When your creditors are threatening to seize your wages or seize any of your assets, the idea of filing for bankruptcy can be very appealing. The most popular bankruptcy option is called Chapter 7 Liquidation Bankruptcy. It’s popular because it can eliminate most of your debt, including credit card debt. The alternative is Chapter 13 bankruptcy, which is more of a way to restructure debt because it won’t pay off any debt.
While Chapter 7 bankruptcy will eliminate many of your unsecured debts, some debts cannot be forgiven. These include student loan debt, lim support and child support, and most taxes due. Additionally, bankruptcy will tarnish your ten-year credit record, making it difficult for you to get new credit.
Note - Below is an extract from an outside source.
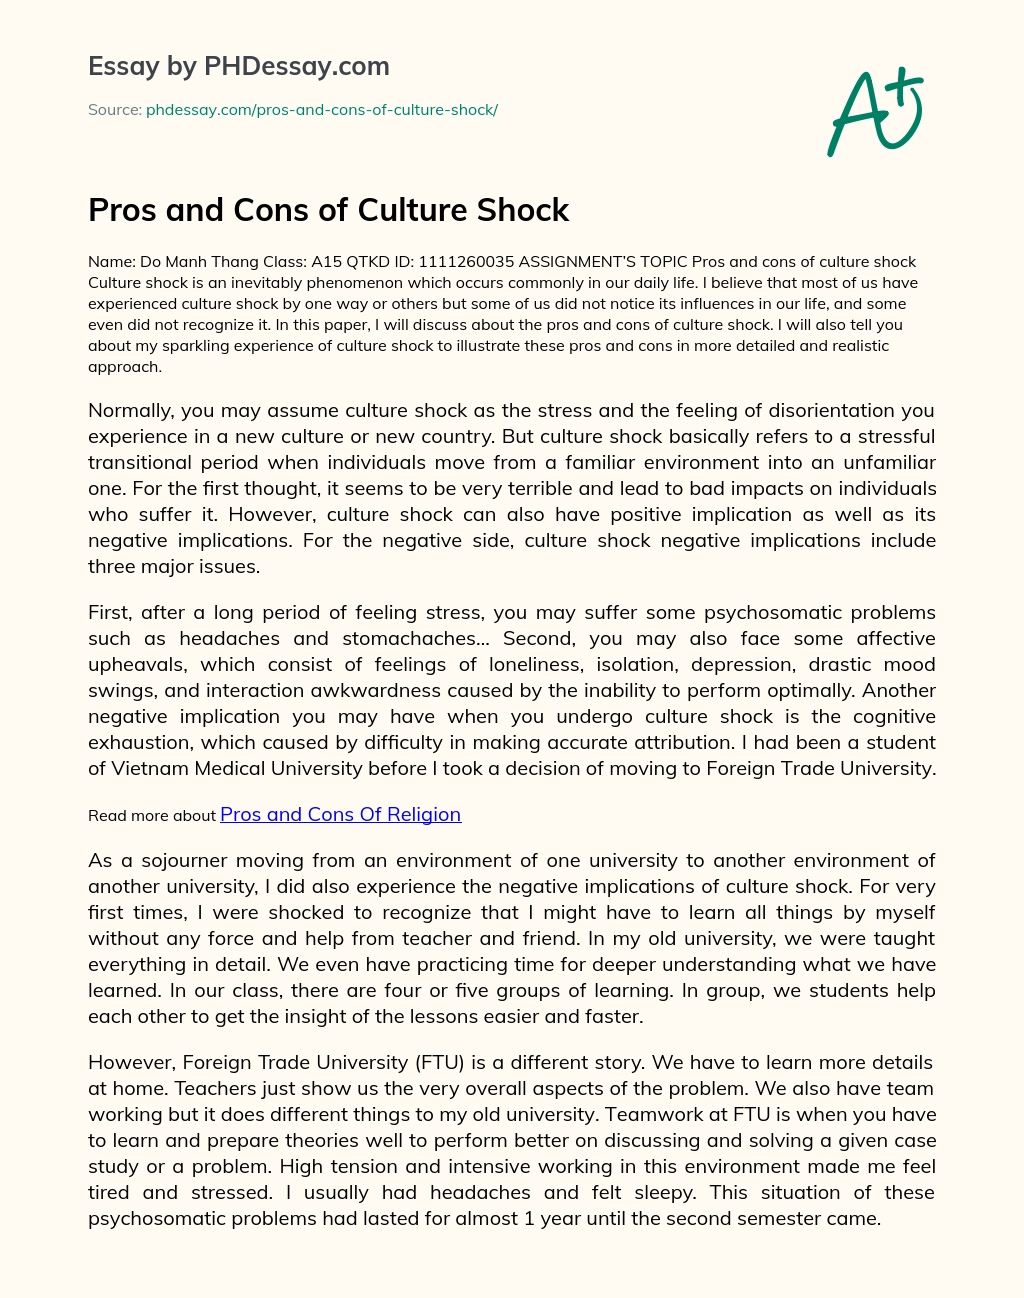 Pros and Cons of Culture Shock essay
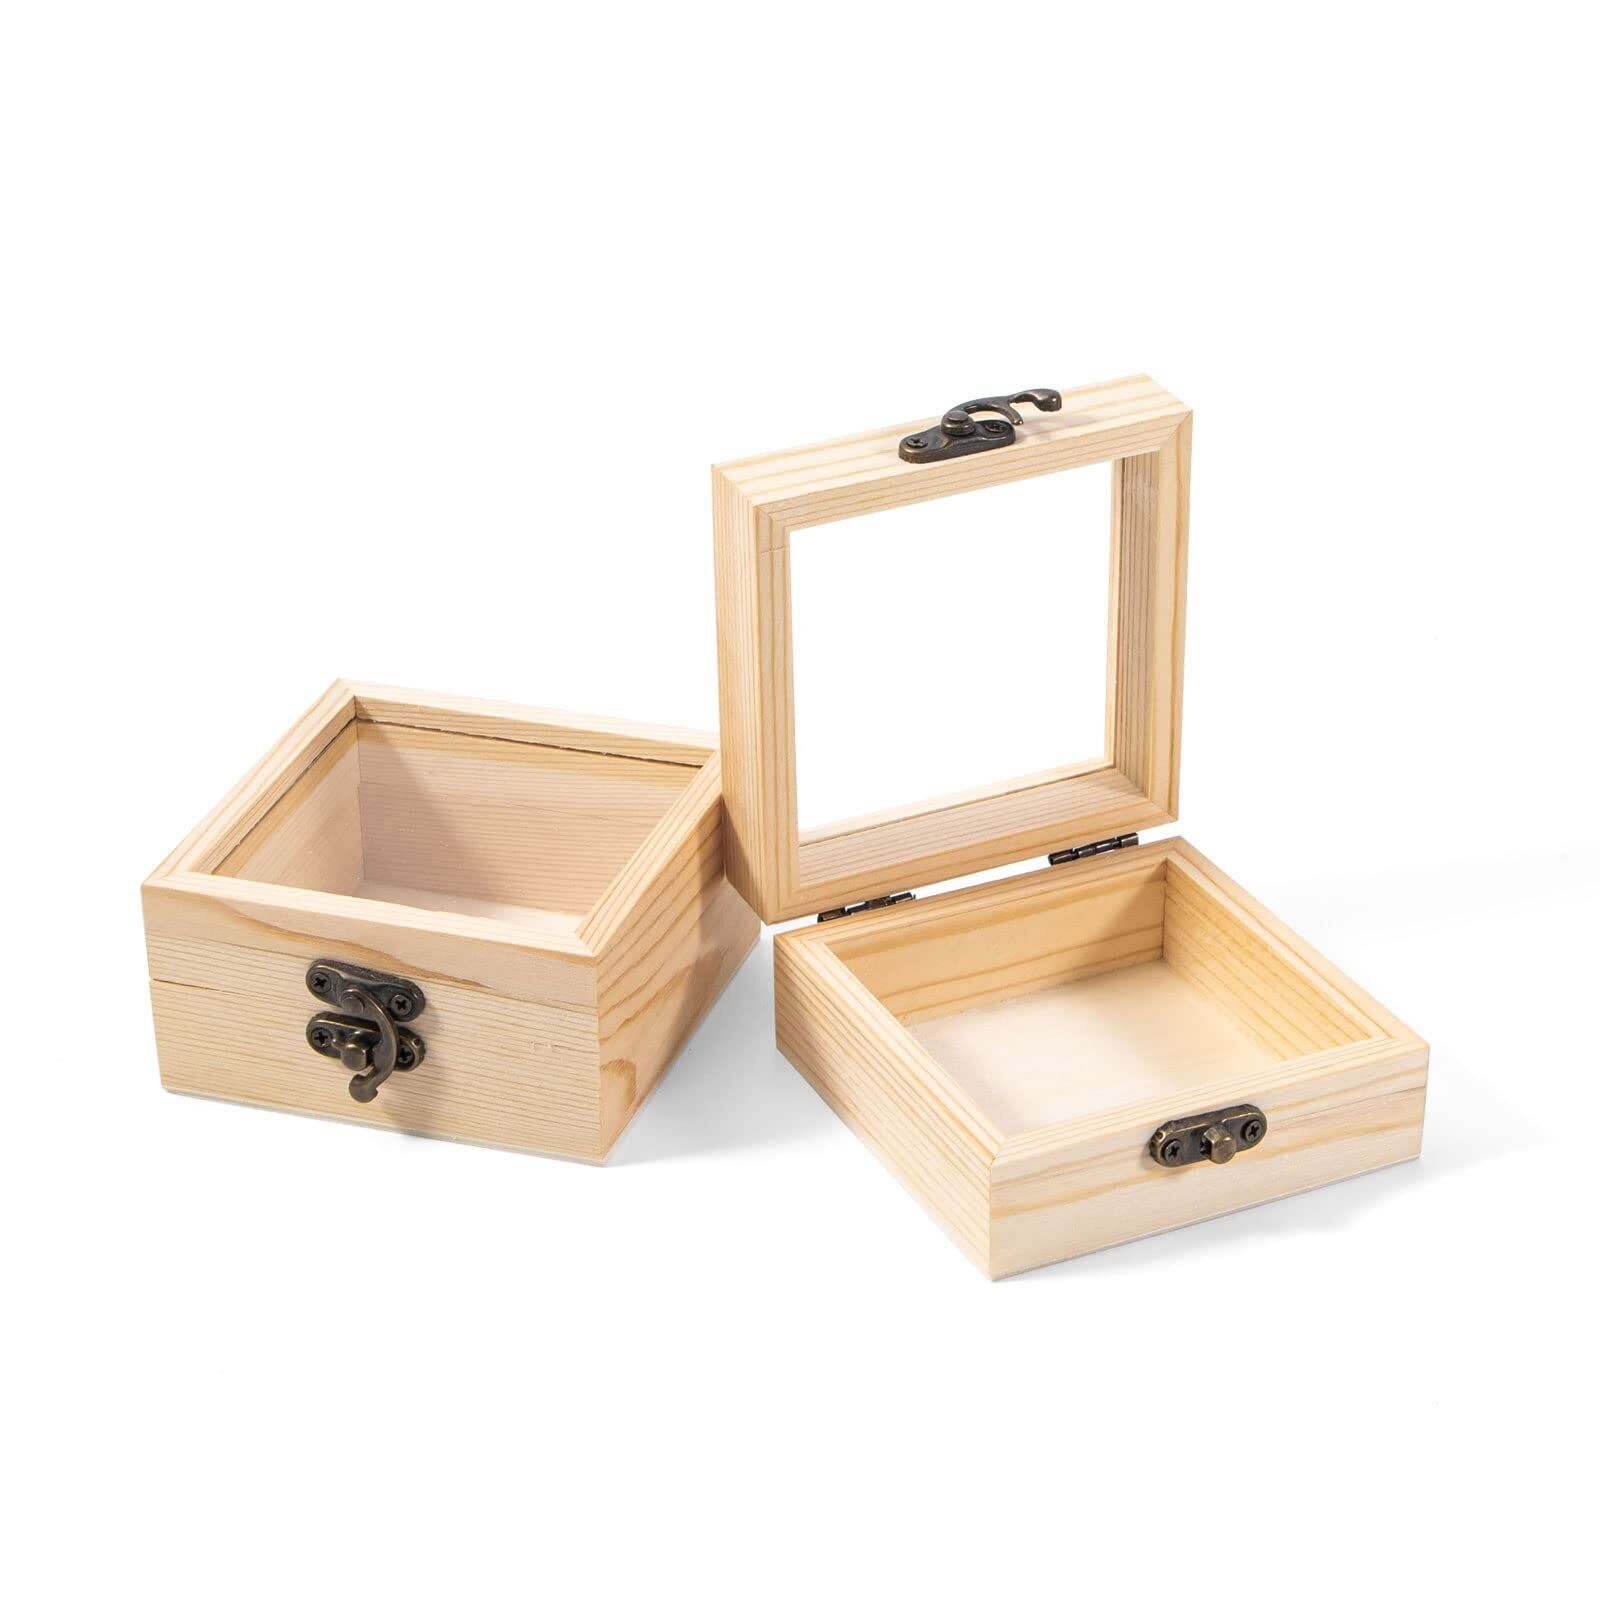 2Pcs Small Wooden Box with Hinged Lid, 3.4\'\' x 3.4\'\' x 1.7\'\' Unfinished Wood ...

Other Debt Management Methods
There are other ways to manage debt that won’t negatively affect your credit, such as filing for bankruptcy. Two of them obtain debt consolidation loans or apply for credit advice. Many people with serious debt problems choose to use debt consolidation loans to resolve their debts. Here you can get loans from banks, credit unions, or online lenders and pay off all debts simultaneously. This frees you from any creditors who may have harassed you. Also, your monthly payment must be less than the total monthly payment you make.
Another way to manage debt is to go to a credit consultancy. Maybe there is one near you. If not, you can find one by searching the Internet for the term “credit advice.” Local credit consultancies are usually non-profit organizations that provide services for free or at a meager cost. Companies you find online usually charge for their promotions, so stay away from them. Just keep looking, and you will find a nonprofit and offer its services for free.
What can a credit adviser do?
Credit advisors will usually assess your assets and liabilities. He or she will help you create a debt management plan (DMP) that will keep you debt-free for about five years. Your advisor will contact your creditors and negotiate with them to accept your plan. He or she will also work hard to lower your interest so that you can get out of debt faster.
A real way to get out of debt
The problem with debt consolidation and debt management plans is that neither can really get you out of debt. They are just ways to transfer your debts from one group of creditors to another and make it easier for you to pay off your debts.
The sad truth is that there is only one real way to get rid of debt: to pay off your debts. One way is to transfer all high-interest credit card debt to new debt with lower interest rates and continue to pay until the balance is reduced to zero. You can do this by doubling the monthly repayment amount to reduce the balance and not just pay the interest charges. It won’t be exciting, but if you stick to it, you can be relieved of your debt in less than three years, and your credit history won’t be strained.